Just thought you guys might find it interesting. I hope to explore the area with a boat in the near future. I guess 4x4 just isn't enough sometimes...


----------



## Matt Derrick (Jan 7, 2020)

that's funny someone must have just said 'fuck it' and left it.


----------



## brando (Jan 7, 2020)

Matt Derrick said:


> that's funny someone must have just said 'fuck it' and left it.
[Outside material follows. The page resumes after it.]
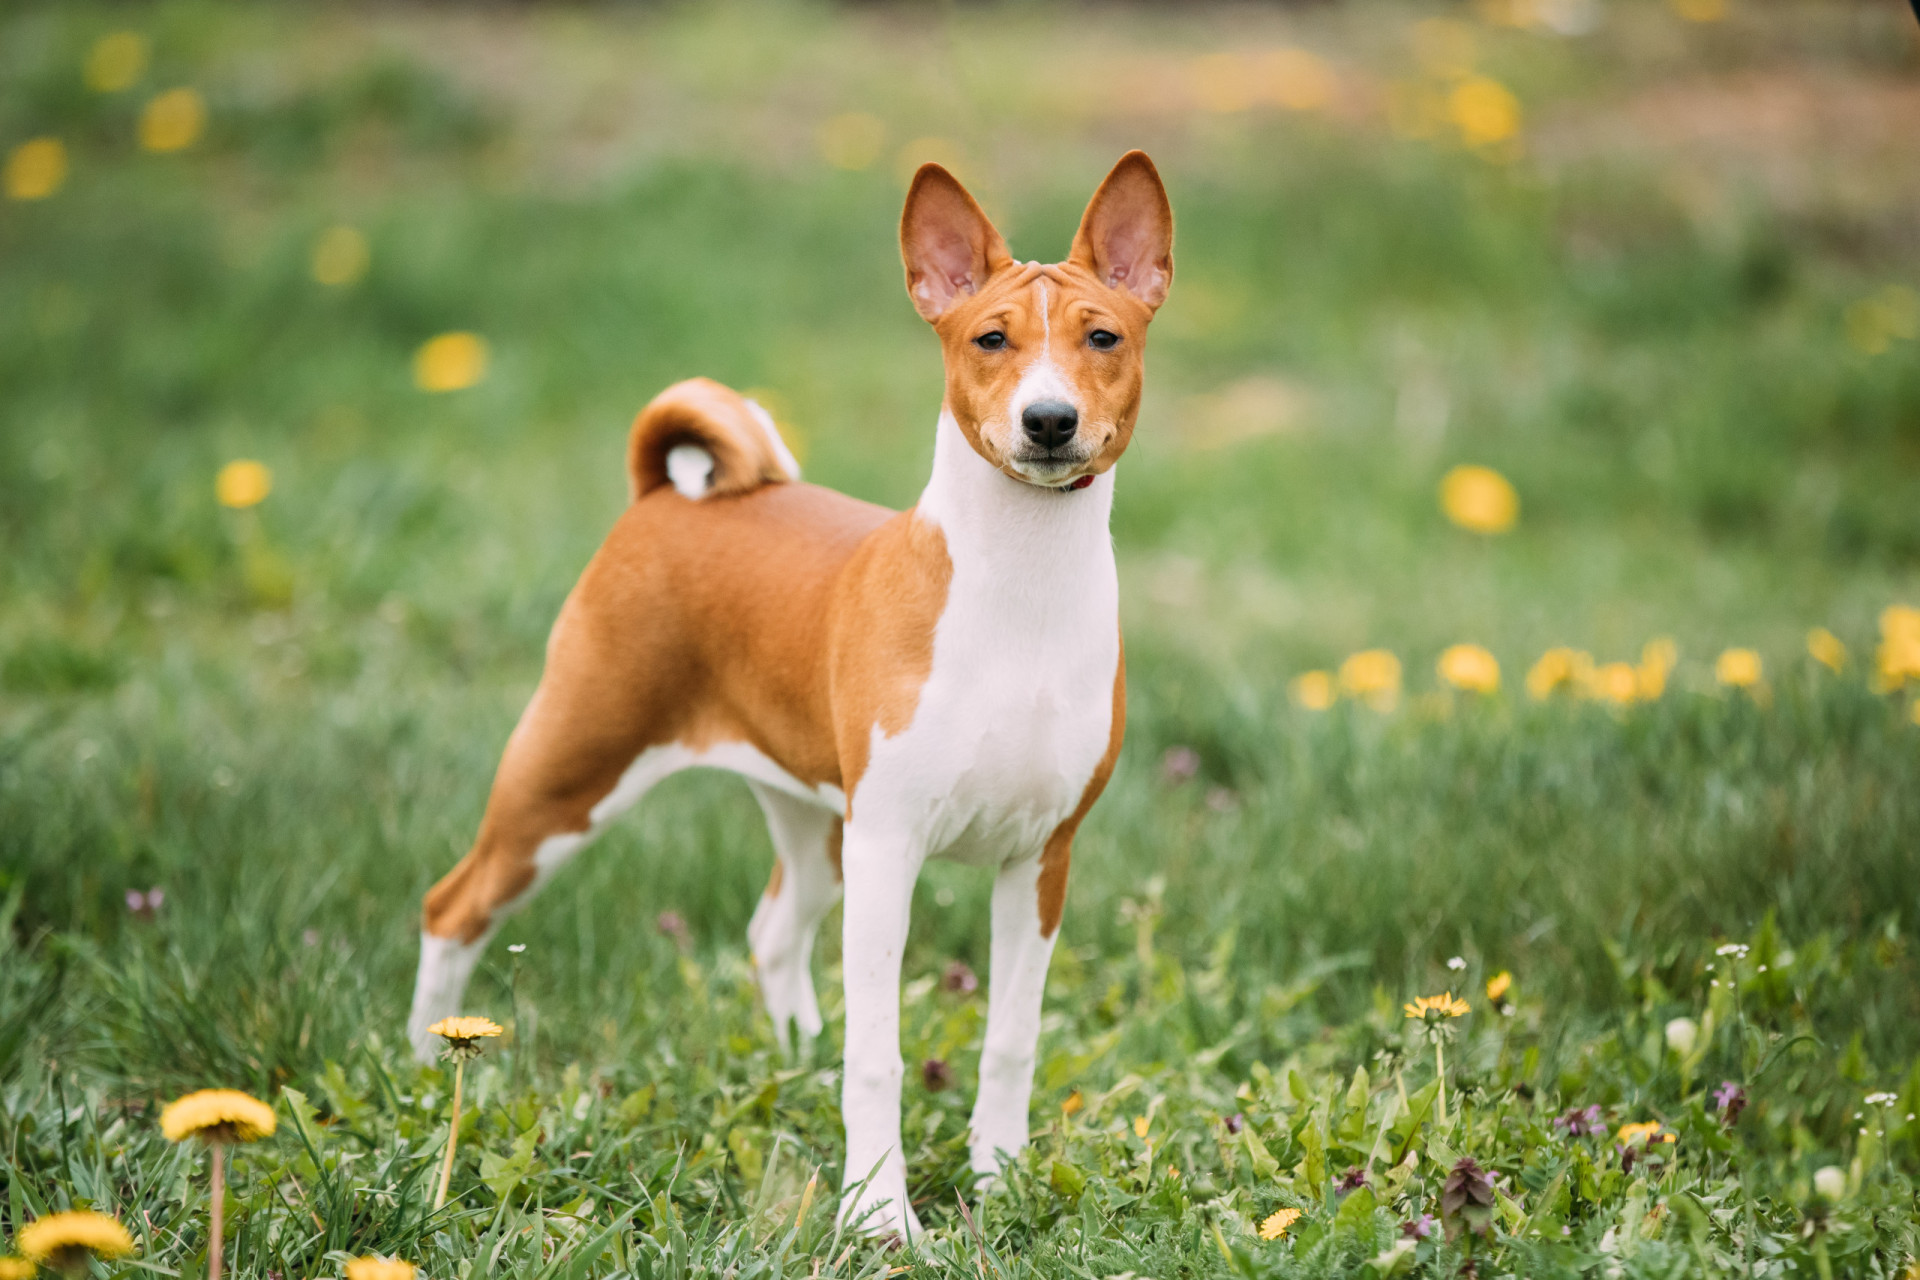 <p>Known for being a "barkless" dog, the Basenji is a high-energy pup who originally served as a hunting dog. They live about 12 years.</p> <p>Sources: (Business Insider) (Southern Living) (Top Dog Tips)</p> <p>See also: <a href="https://www.starsinsider.com/lifestyle/574053/meet-the-dogs-that-are-banned-around-the-world">Dog breeds that are banned in some countries</a></p>

I really wanted to take a dinghy out there and check the lagoon out better, but it'll be too much of a stretch in borrowed dinghy. Probably would be a doable overnighter. I think I'll head back later in the week with a mask and snorkel. Might even be some goodies in the glove box!


----------



## roughdraft (Jan 7, 2020)

i have a real penchant for this type of 'urban' decay becoming a 'natural' relic. I think it took root when I was out kayaking at low tide and ended up poking a paddle into a small sunken rowboat. Somehow really enticing just the sight of these things


----------



## blank (Jan 7, 2020)

See if it'll start.


----------



## brando (Jan 7, 2020)

blank said:


> See if it'll start.


Just scrape dem barnacles out da intake and give 'er a few good squirts of ether, she'll purr like a kitten!


----------



## brando (Jan 11, 2020)

Went back and snorkeled around it bit. Glove box was already open🙁
But there were probably 1000+ fish all around and inside it, so that was cool. Wish I had a submersible camera!


----------